- **ASSIGNMENT**: The material below includes pictures; leave them out and return only the lines between the line containing "Francia, Cote d'Or, regione" and the line containing "Blocs de démonstration", inclusive, word for word.

- **MATERIAL FOR THIS TASK**:
┌──
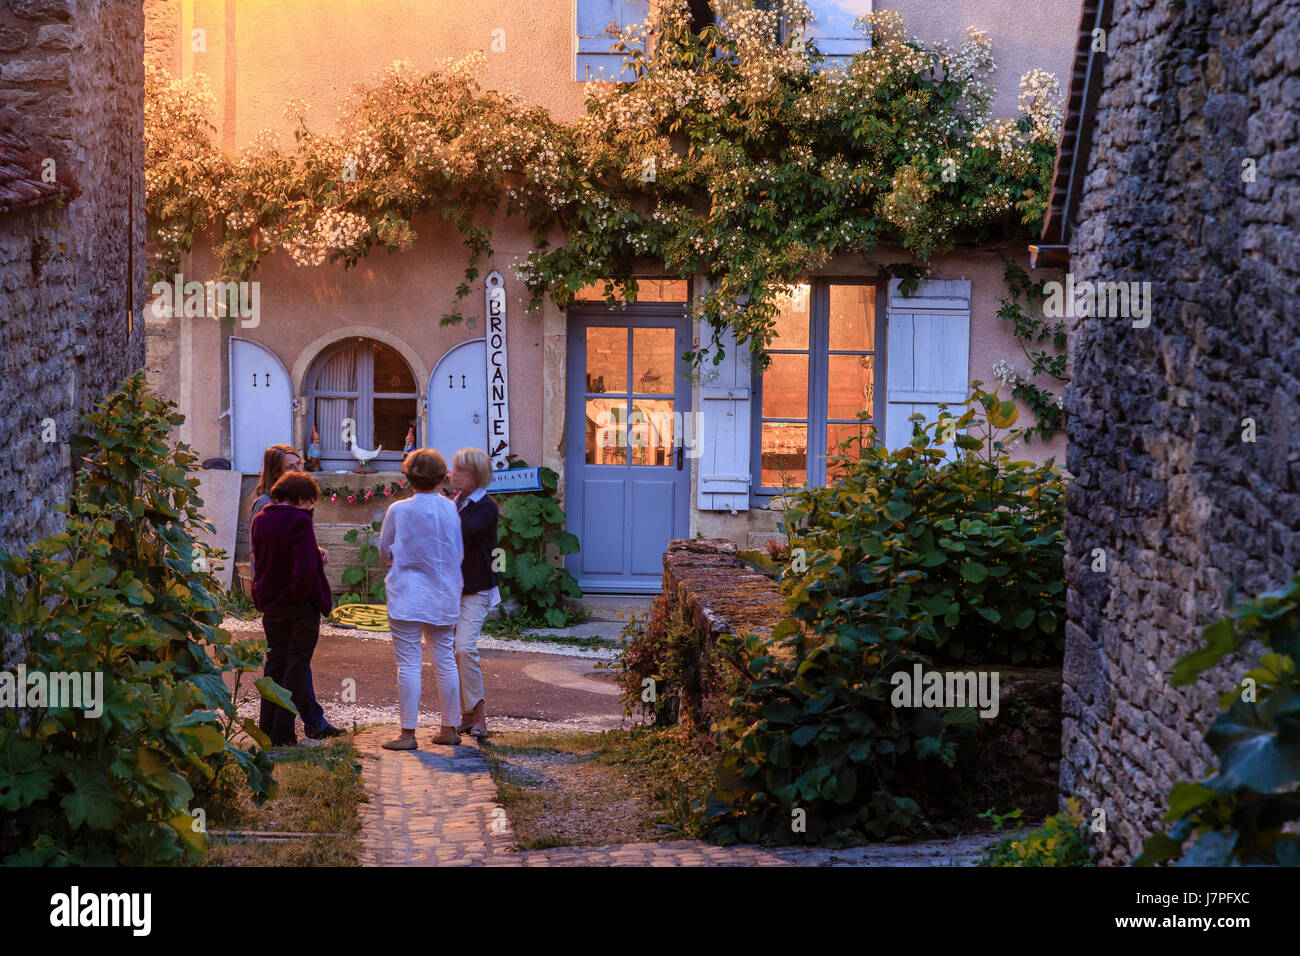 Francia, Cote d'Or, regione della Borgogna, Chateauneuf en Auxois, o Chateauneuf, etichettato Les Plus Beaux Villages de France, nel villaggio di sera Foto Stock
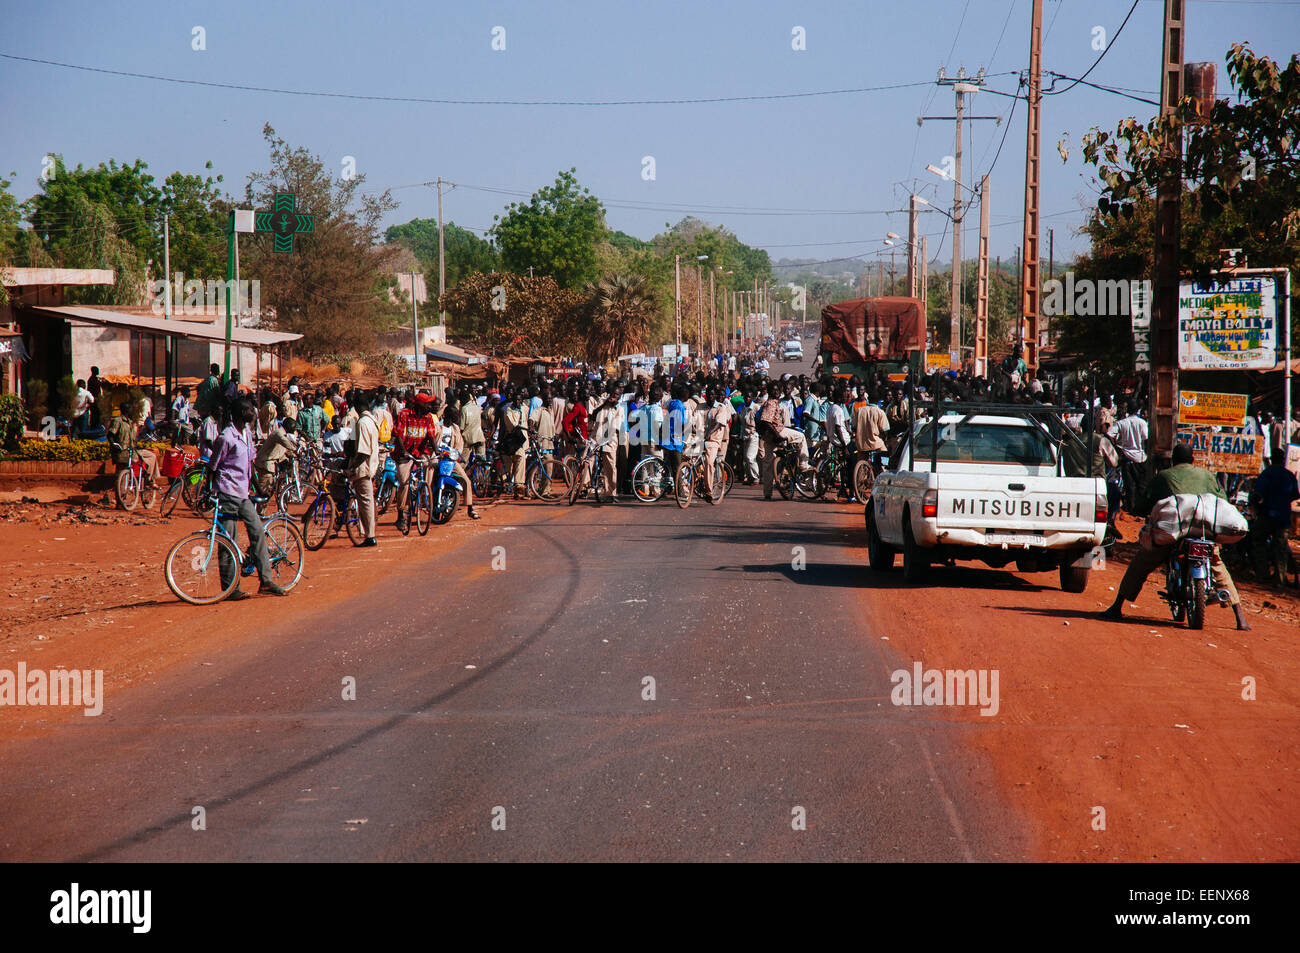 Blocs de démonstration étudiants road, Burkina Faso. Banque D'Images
└──
┌──
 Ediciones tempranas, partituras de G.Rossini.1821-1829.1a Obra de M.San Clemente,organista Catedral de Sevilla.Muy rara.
└──
- **RESPONSE TO THE EXERCISE**:
 Francia, Cote d'Or, regione della Borgogna, Chateauneuf en Auxois, o Chateauneuf, etichettato Les Plus Beaux Villages de France, nel villaggio di sera Foto Stock
 Blocs de démonstration étudiants road, Burkina Faso. Banque D'Images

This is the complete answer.